### Assignment
Find the line with "MichRyc - Under" in the entries below, then output every line from it down to the line with "French modern gilt", exactly and with no pictures.

### Excerpted data

========================

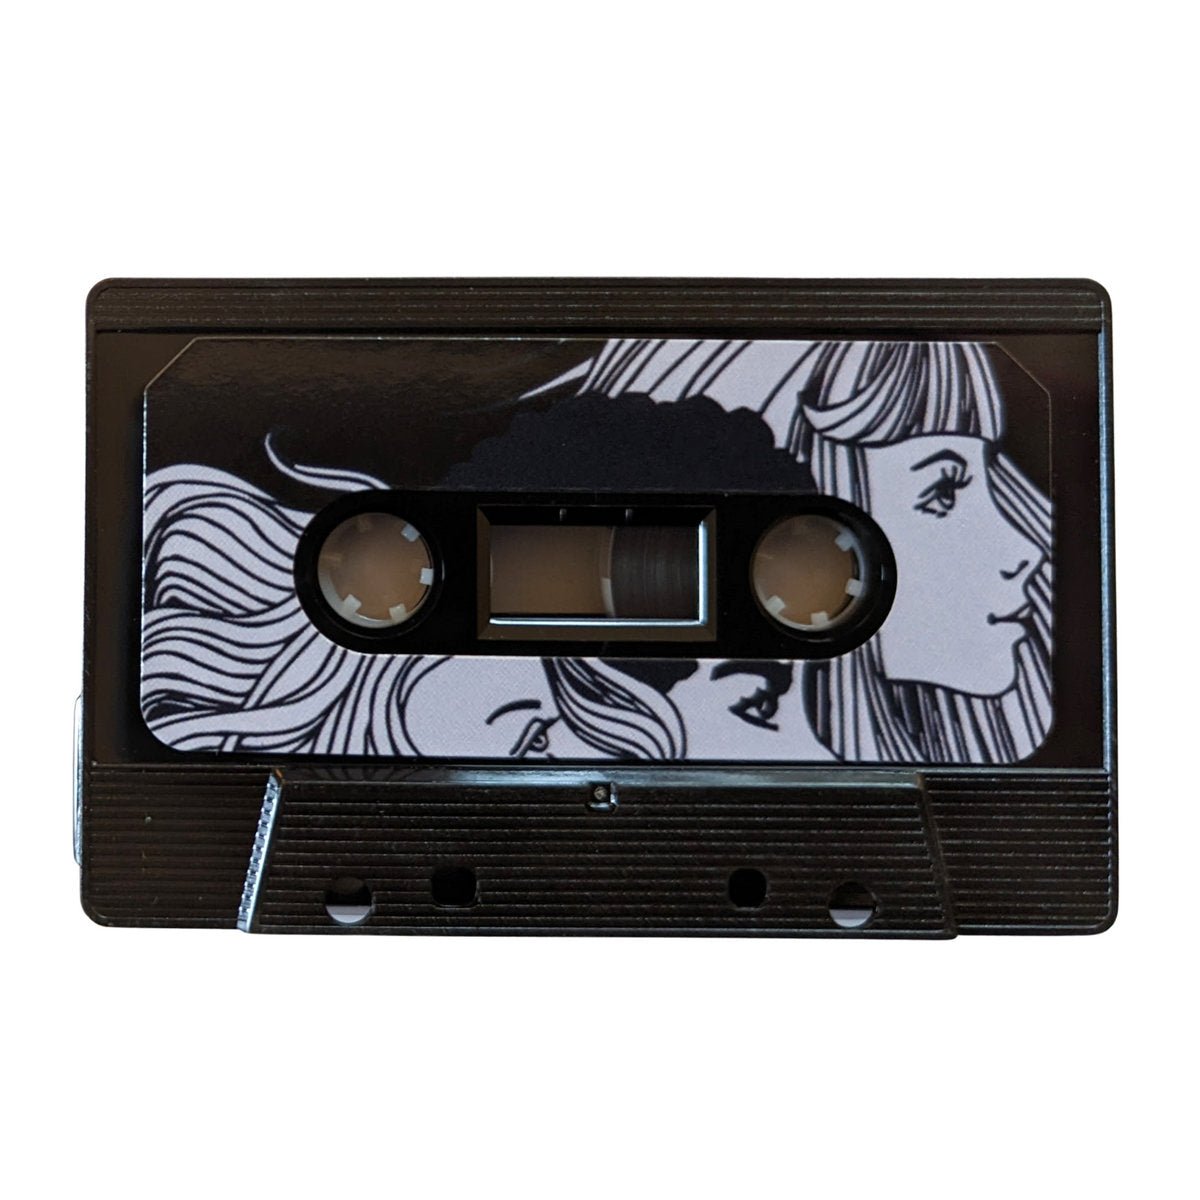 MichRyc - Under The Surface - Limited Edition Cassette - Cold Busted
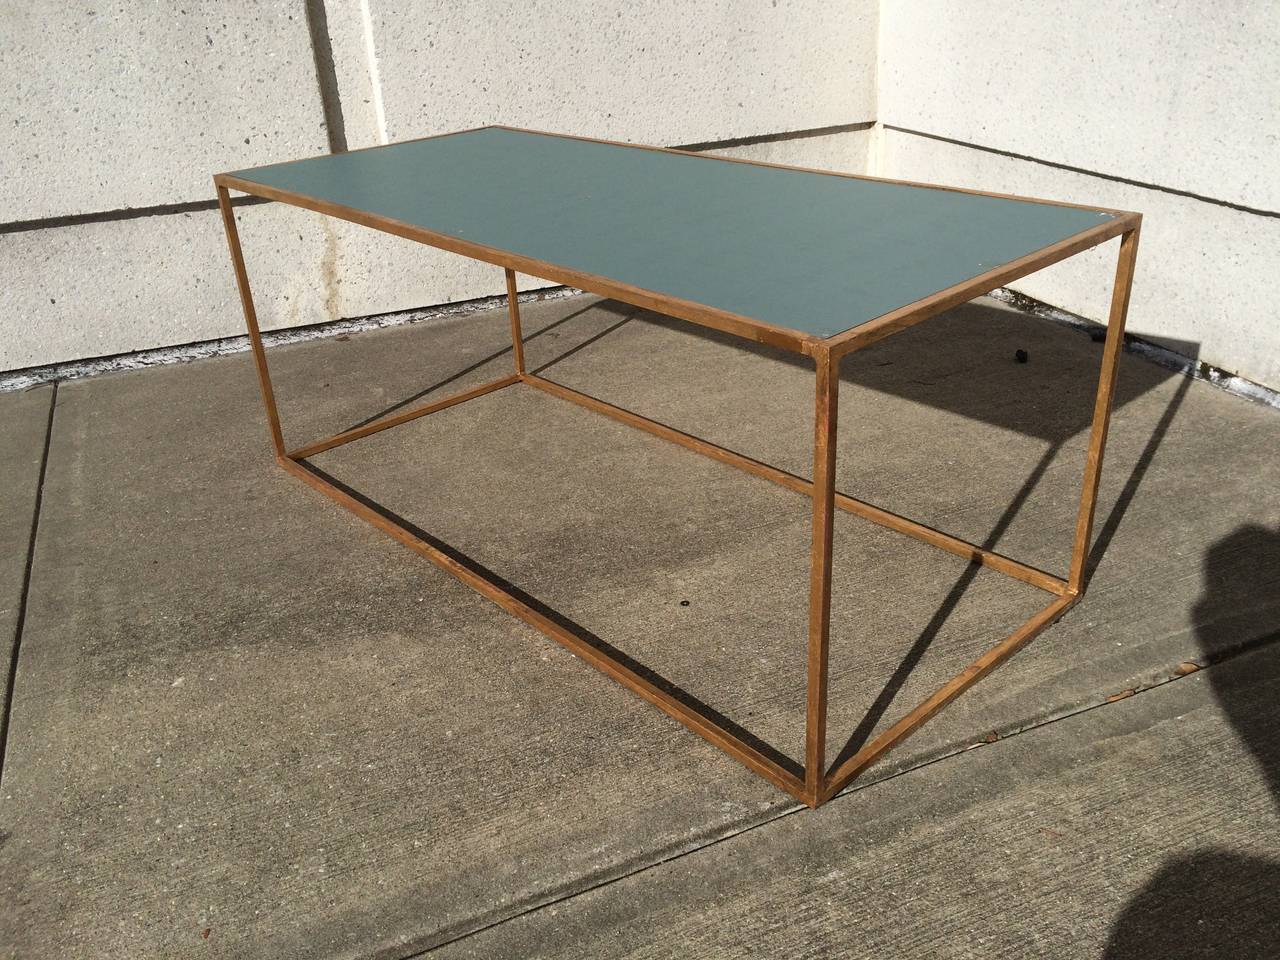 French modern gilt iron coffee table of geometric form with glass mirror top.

========================

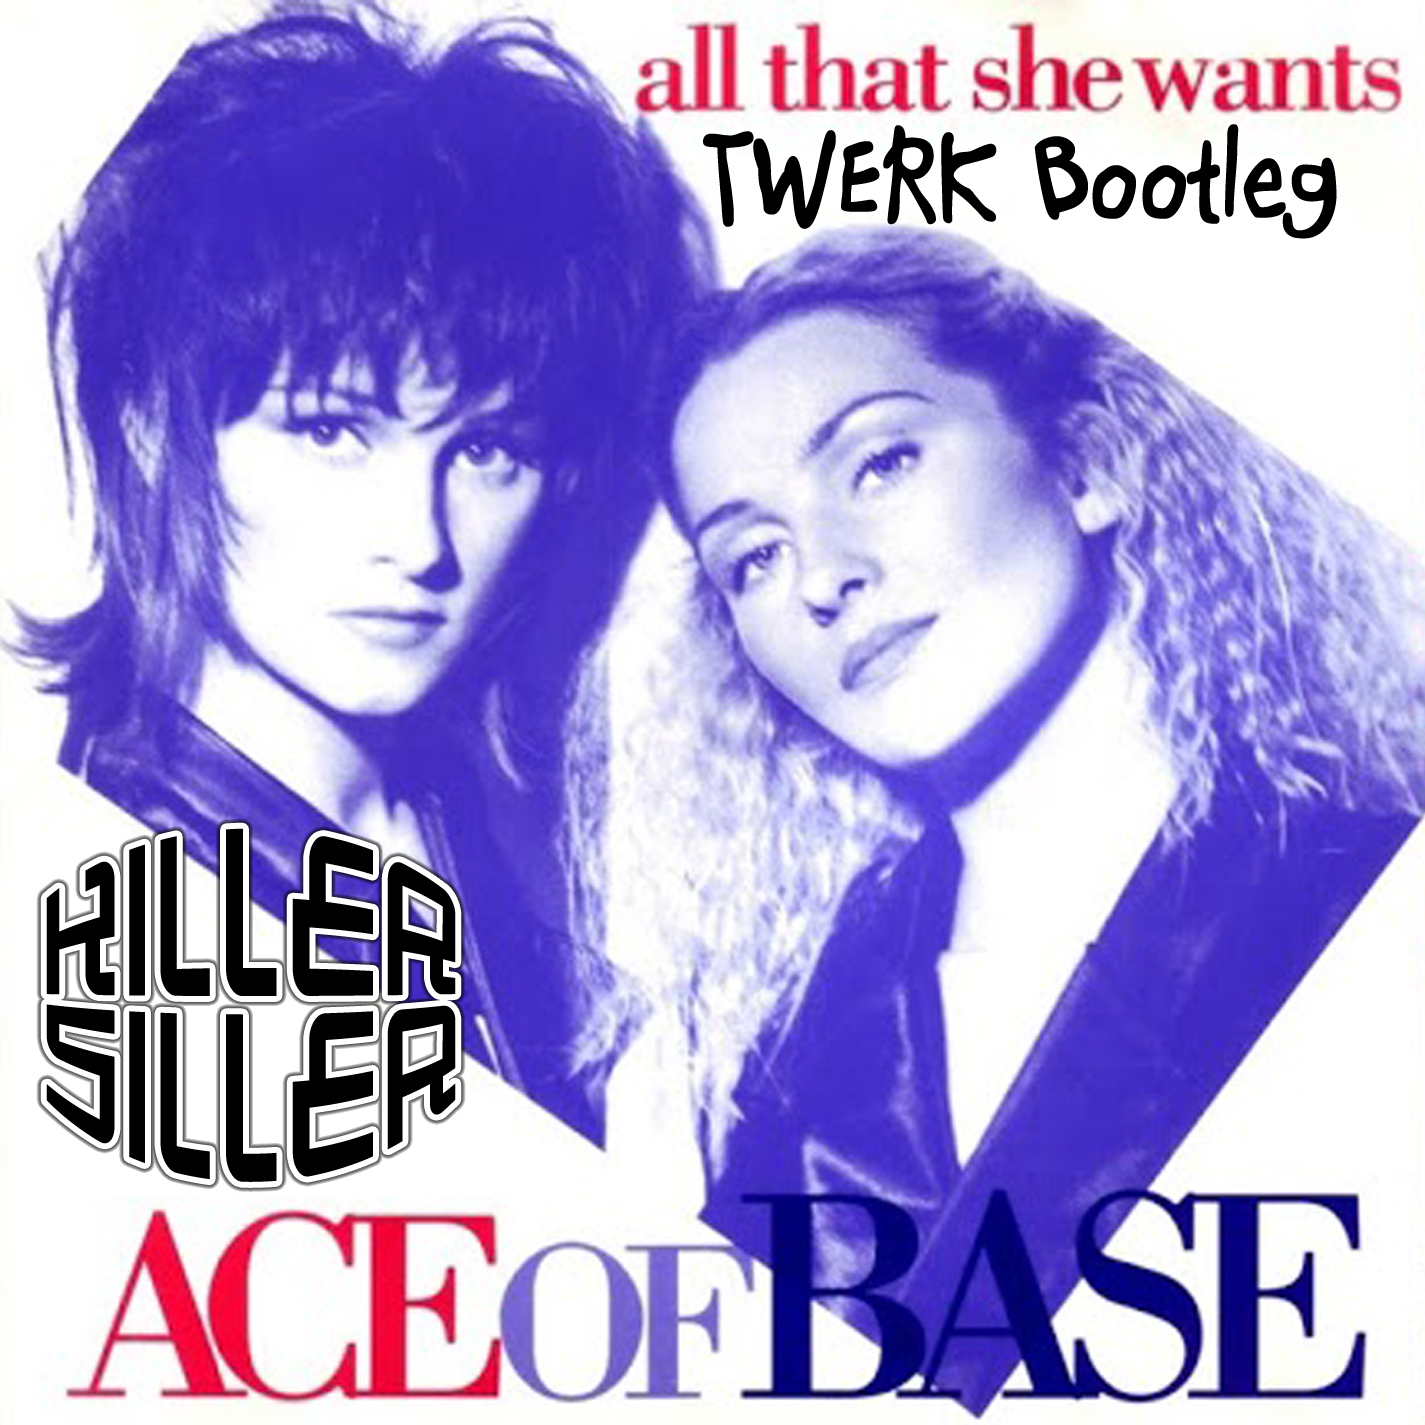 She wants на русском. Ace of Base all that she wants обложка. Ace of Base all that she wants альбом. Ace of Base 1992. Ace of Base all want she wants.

========================

### Written answer
 MichRyc - Under The Surface - Limited Edition Cassette - Cold Busted
 French modern gilt iron coffee table of geometric form with glass mirror top.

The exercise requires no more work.